Jednak głosik mojego sumienia uparcie podsuwał mi inne obrazy…
Wiktoria nigdy nie patrzyła tak, jak moja nowa towarzyszka. Oczy miała przepełnione czułością, miłością i wzruszeniem. Była to kobieta pełna dobroci i wrażliwa na piękno, którego nie potrafił dostrzec nikt inny. Nie z taką dokładnością i precyzją, jaką robiła to Wiktoria.
Biust miała mniejszy, ale idealnie kształtny, a jej drobne dłonie doprowadzały mnie do szaleństwa…

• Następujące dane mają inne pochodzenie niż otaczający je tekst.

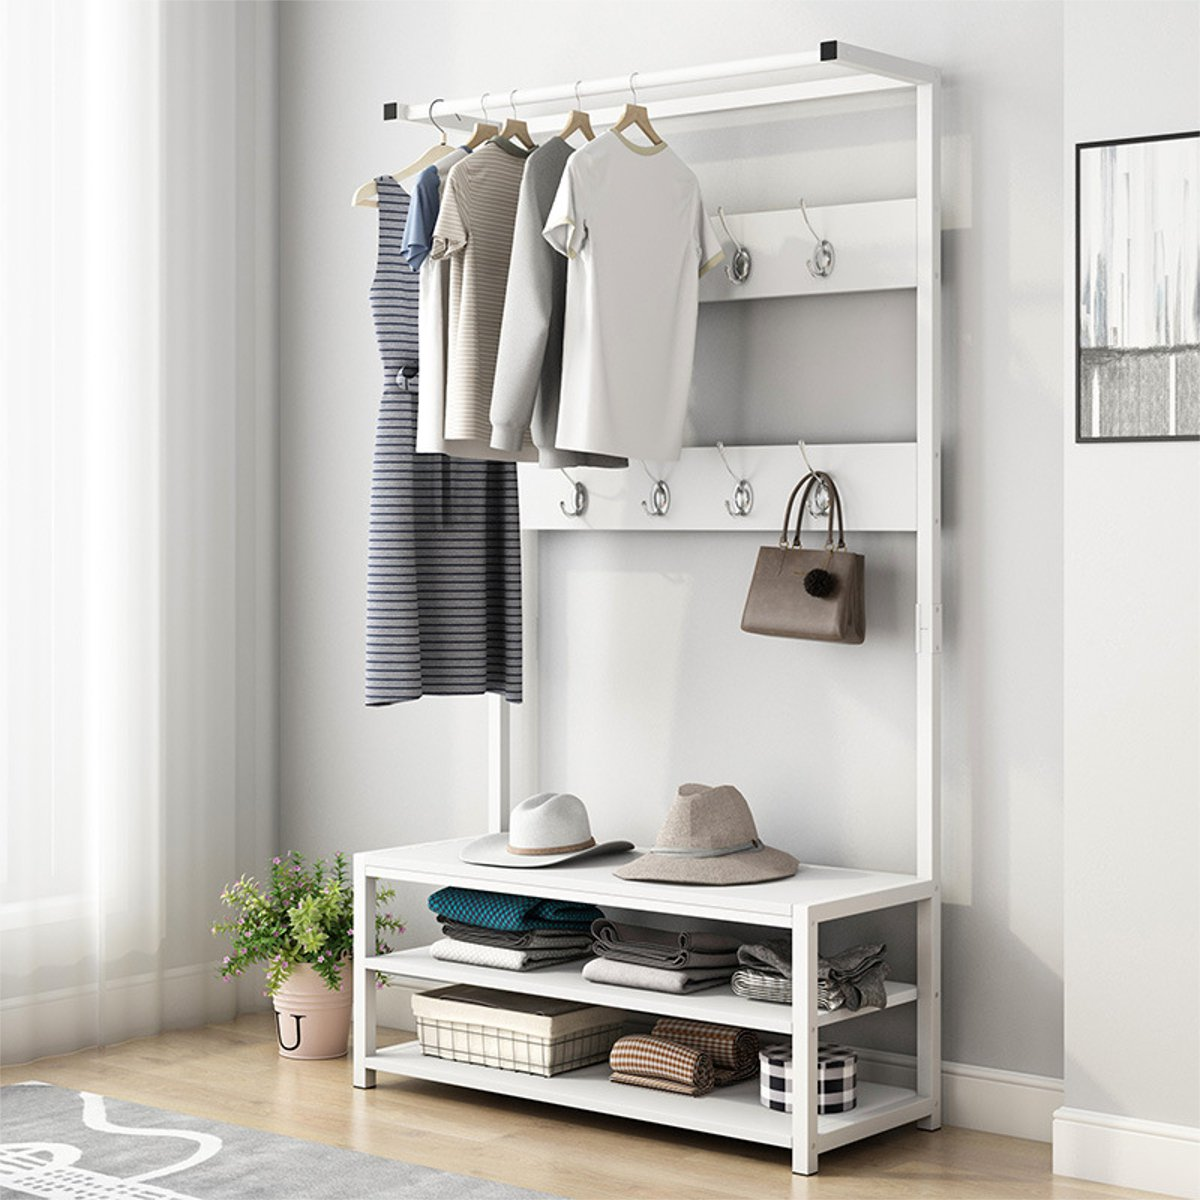 Multifunction Coat Rack Shelf Stand 170cm Clothes Shoes Bench Hanger Hooks Storage Holder Living Room Furniture 60/80cm

Poczułem oddech Tamary na swoim policzku. Na powrót przed moimi oczami stała ta wysoka kobieta o zadziornym spojrzeniu. Nie zastanawiając się dłużej, wpiłem się w jej usta i z zaskoczeniem stwierdziłem, że nie ma w tym krzty miłości i pasji, jaką odczuwałem, całując damę mojego serca. Całując Wiktorię…
Robiłem to mechanicznie, miażdżąc jej wargi, chcąc wydobyć z siebie jakąkolwiek iskrę uczuć…
Zacisnąłem mocno powieki, biorąc Tamarę w ramiona i padając z nią na podłoże namiotu.
Jęknąłem, gdy oplotła mnie nogami, a jej dłonie błądziły po mojej klatce piersiowej.
Oddychając szybciej, zerwałem z siebie marynarkę i odpiętą koszulę. Ponownie namiętnie pocałowałem czarną.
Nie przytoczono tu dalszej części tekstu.